Posté par othoharmonie le 27 juillet 2012

 

Attitude du Lynx dans LYNX Linces19-300x219Bien que le Lynx roux soit un des félins les plus étudiés, il demeure assez méconnu du grand public, et notamment des habitants d’Amérique du Nord alors qu’il s’agit du félin sauvage le plus répandu sur ce continent. Un sondage mené sur plusieurs groupes de visiteurs du Cumberland Island National Seashore en Géorgie, où le Lynx a été réintroduit, a permis d’évaluer leurs attitudes et leurs connaissances à propos du Lynx roux. Les personnes sondées étaient en moyenne favorables à la réintroduction du Lynx roux, mais les chasseurs de cerfs de Virginie étaient défavorables. L’évaluation des connaissances sur le Lynx roux a une note moyenne de 3,8/10, les chasseurs ayant obtenu les meilleurs scores (5,1/10). Selon les auteurs, ce score si faible peut être corrélé avec la nature discrète du Lynx roux : les opportunités d’apprentissage par contact direct sont faibles. De plus, peu de reportages animaliers lui sont dédiés, à l’inverse de ce qu’on peut voir pour le lion, le tigre, ou encore le puma.

Commerces des peaux

220px-Bobcat_fur-skins dans LYNXLe Lynx roux est depuis longtemps chassé et piégé pour le sport et pour sa fourrure. Jusqu’au début des années 1970, la peau de Lynx roux se vend autour de 5 $. Le passage de l’Endangered Species Act (ESA) en 1973, qui interdit l’importation de fourrure d’animaux menacés aux États-Unis, et la création de la CITES en 1975, qui interdit le commerce international de nombreux félins, provoquent une hausse des prix sans précédent. De 1970 à 1977, le prix des fourrures passe de 10 $ à 150 $, les plus belles peaux pouvant atteindre 250 $, et le nombre de Lynx roux chassés se multiplie par huit. Les prix s’effondrent suite au lundi noir d’octobre 1987. Dans les années 1990, les prix ont à nouveau baissé.

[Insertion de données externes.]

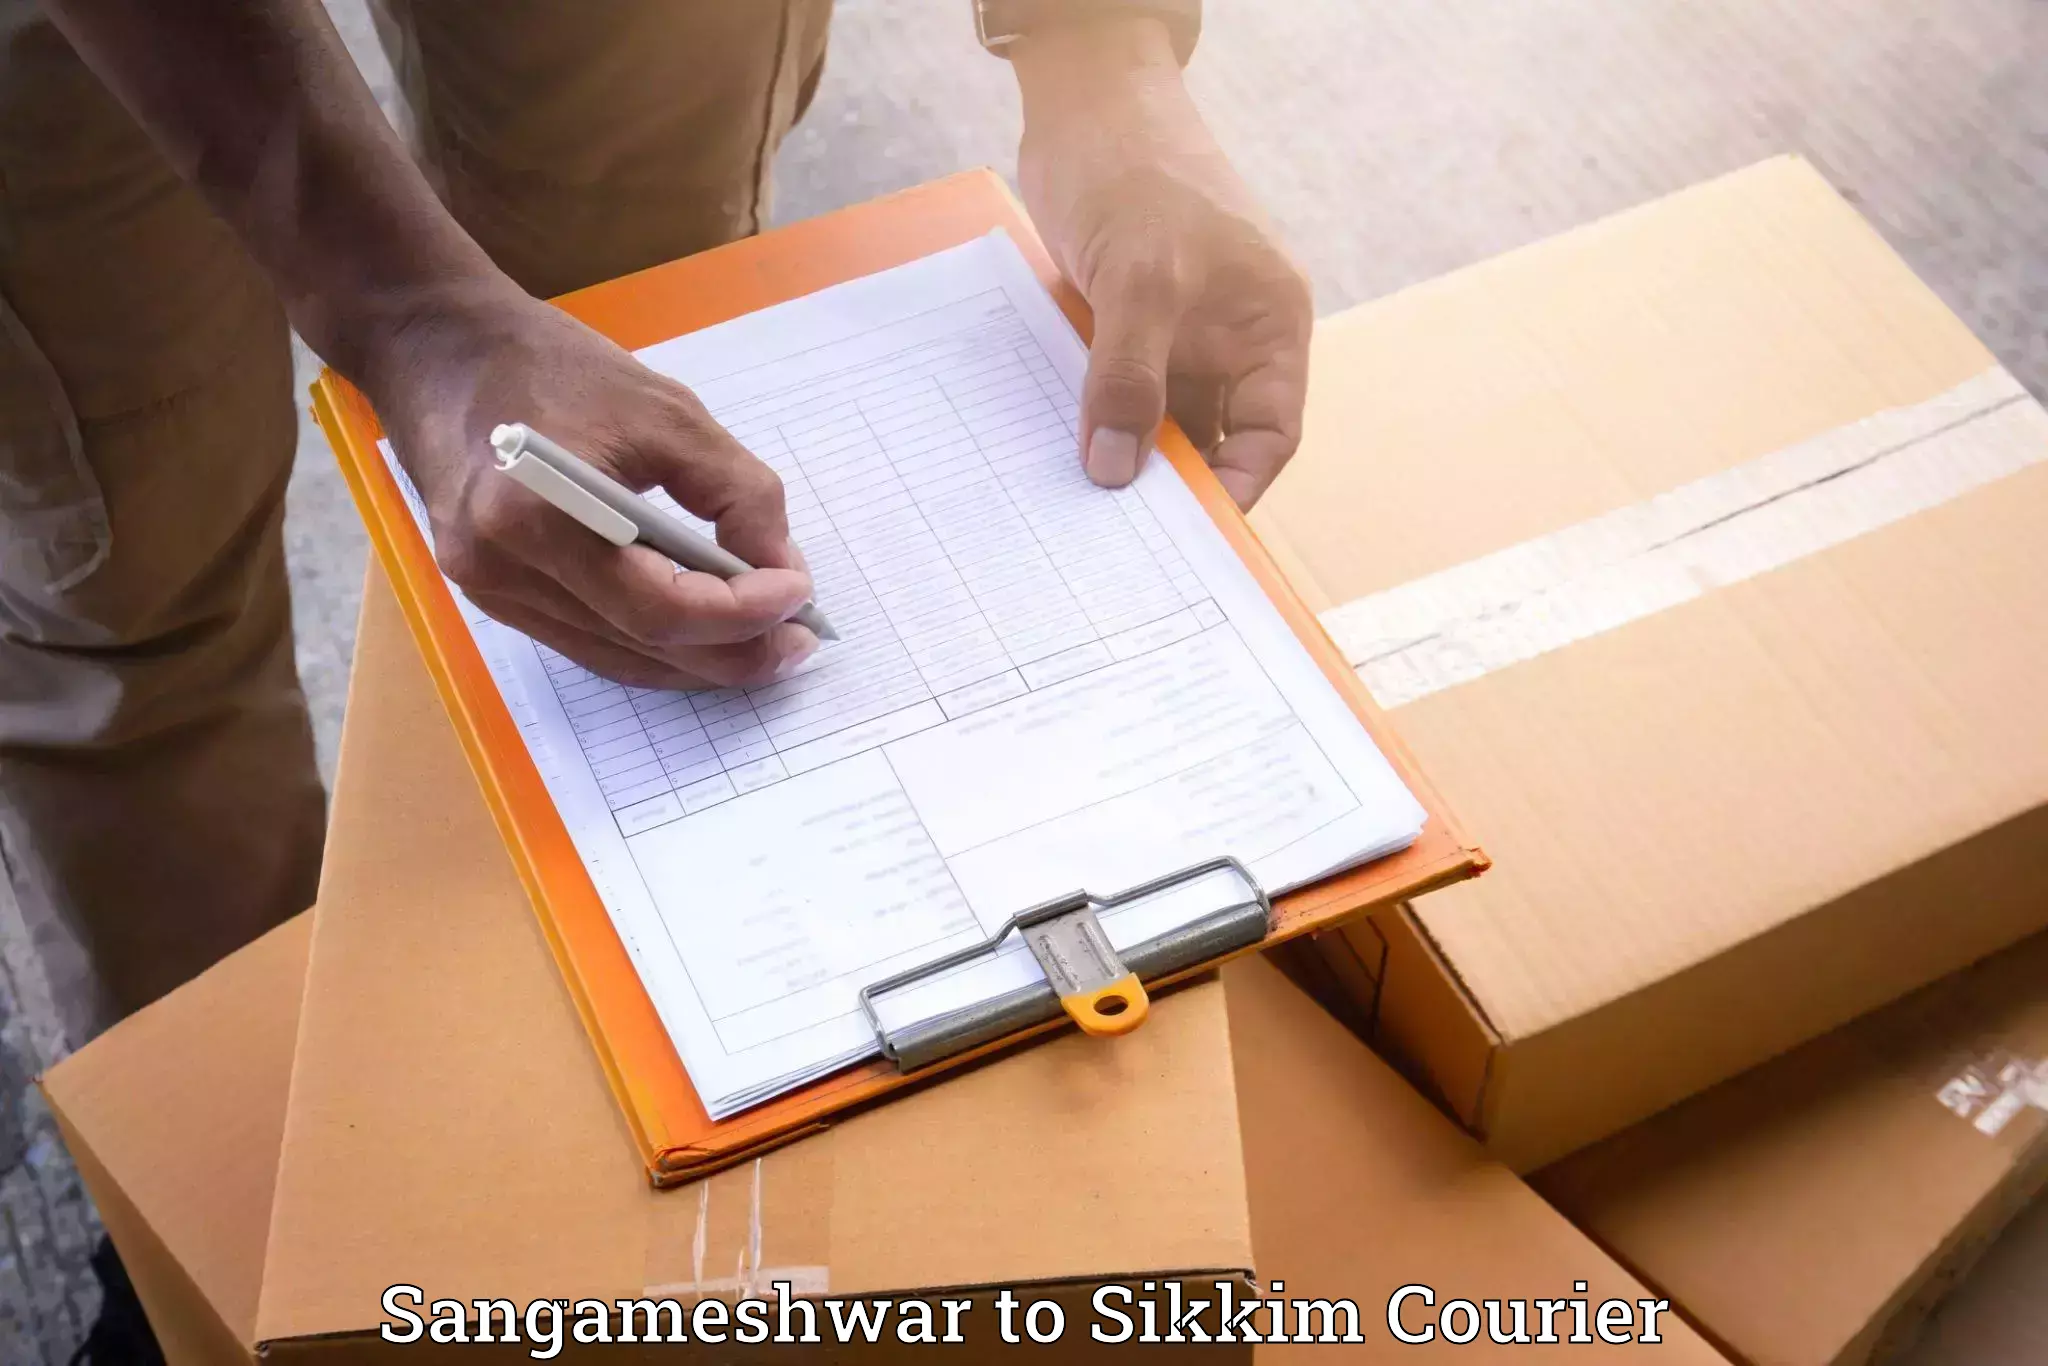 Furniture moving assistance Sangameshwar to Mangan

La peau de Lynx roux est la plus vendue de celles des félins. La fourrure de Lynx roux sert à faire des manteaux, des tapis ou des décorations murales ; c’est la fourrure du ventre qui est la plus recherchée. La plupart des exportations viennent des États-Unis, dont les exportations annuelles moyennes sont passées de plus de 13 000 dans les années 1990 à un peu moins de 30 000 dans les années 2000.

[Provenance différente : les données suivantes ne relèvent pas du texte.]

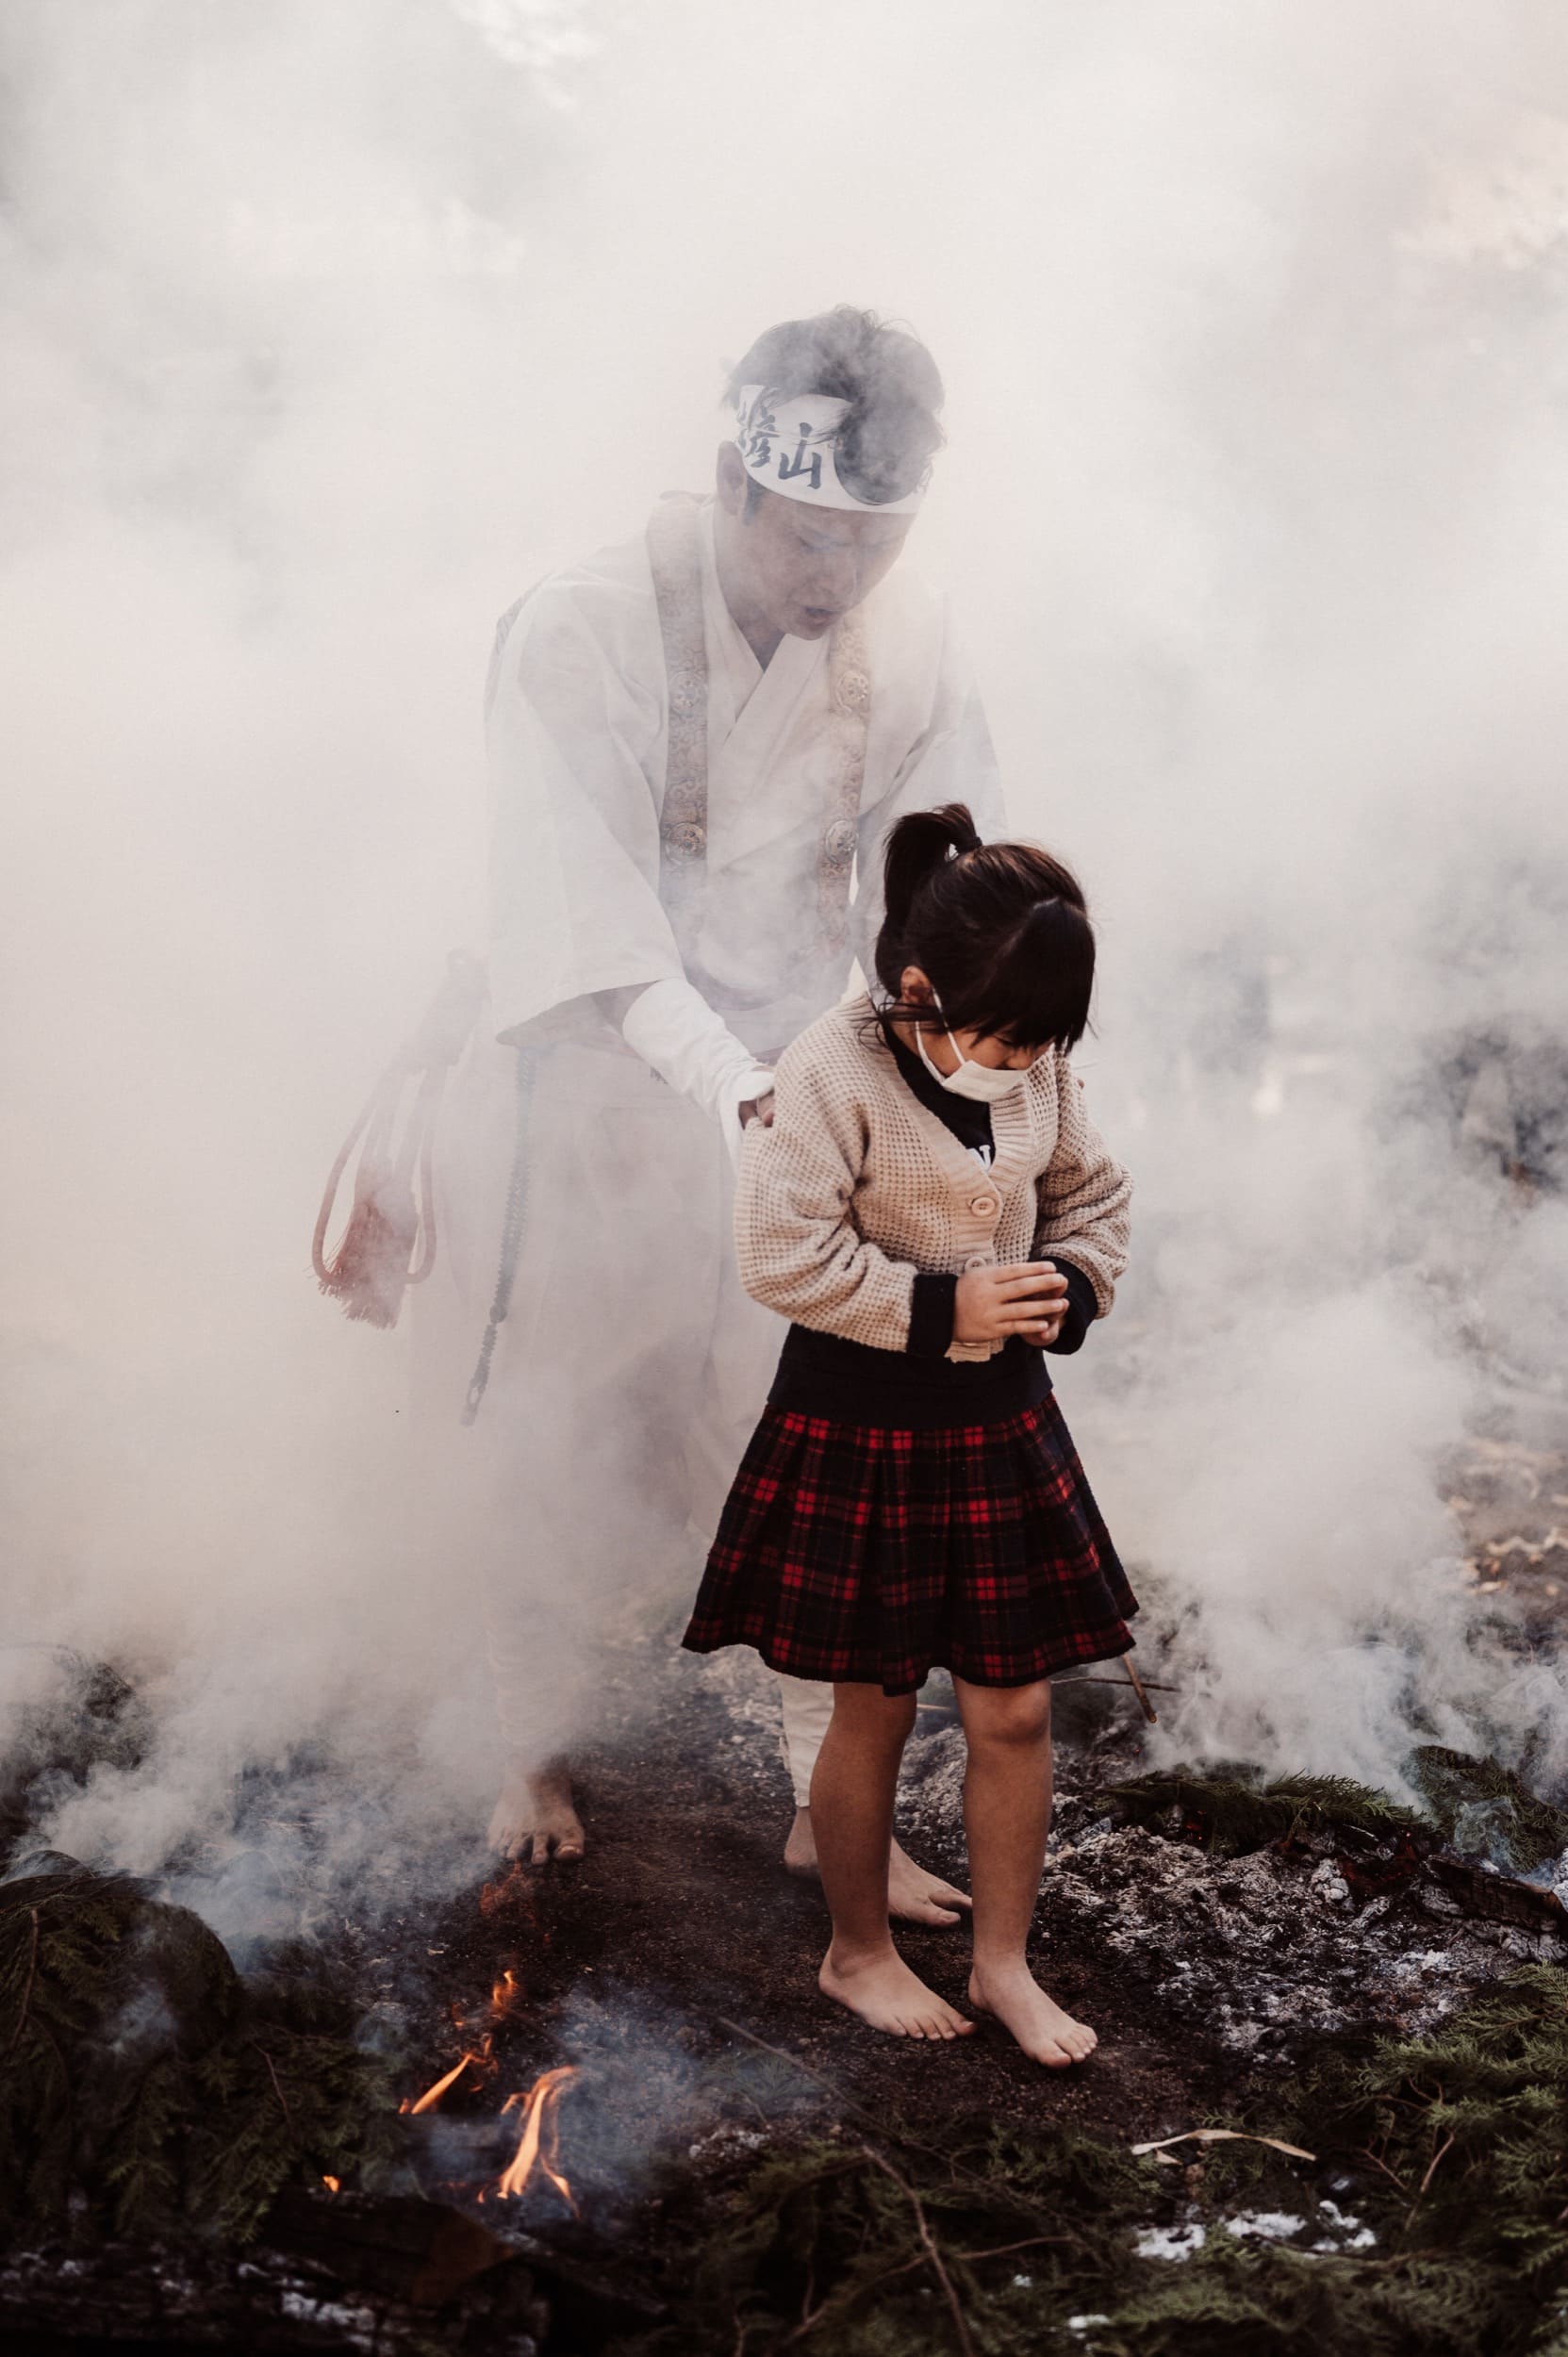 monk escorts little girl through fire

Le Lynx roux a inspiré certains noms de lieu aux États-Unis. Par exemple, Lynx Creek près de Prescott en Arizona a été nommée ainsi par un membre de l’expédition de Joe Walker dans les montagnes de Bradshaw où un Lynx roux l’avait attaqué. Le nom des montagnes Catskill viendrait du mot allemand « kaatskill » qui signifie « crique du chat sauvage », le « chat sauvage » désignant un Lynx roux.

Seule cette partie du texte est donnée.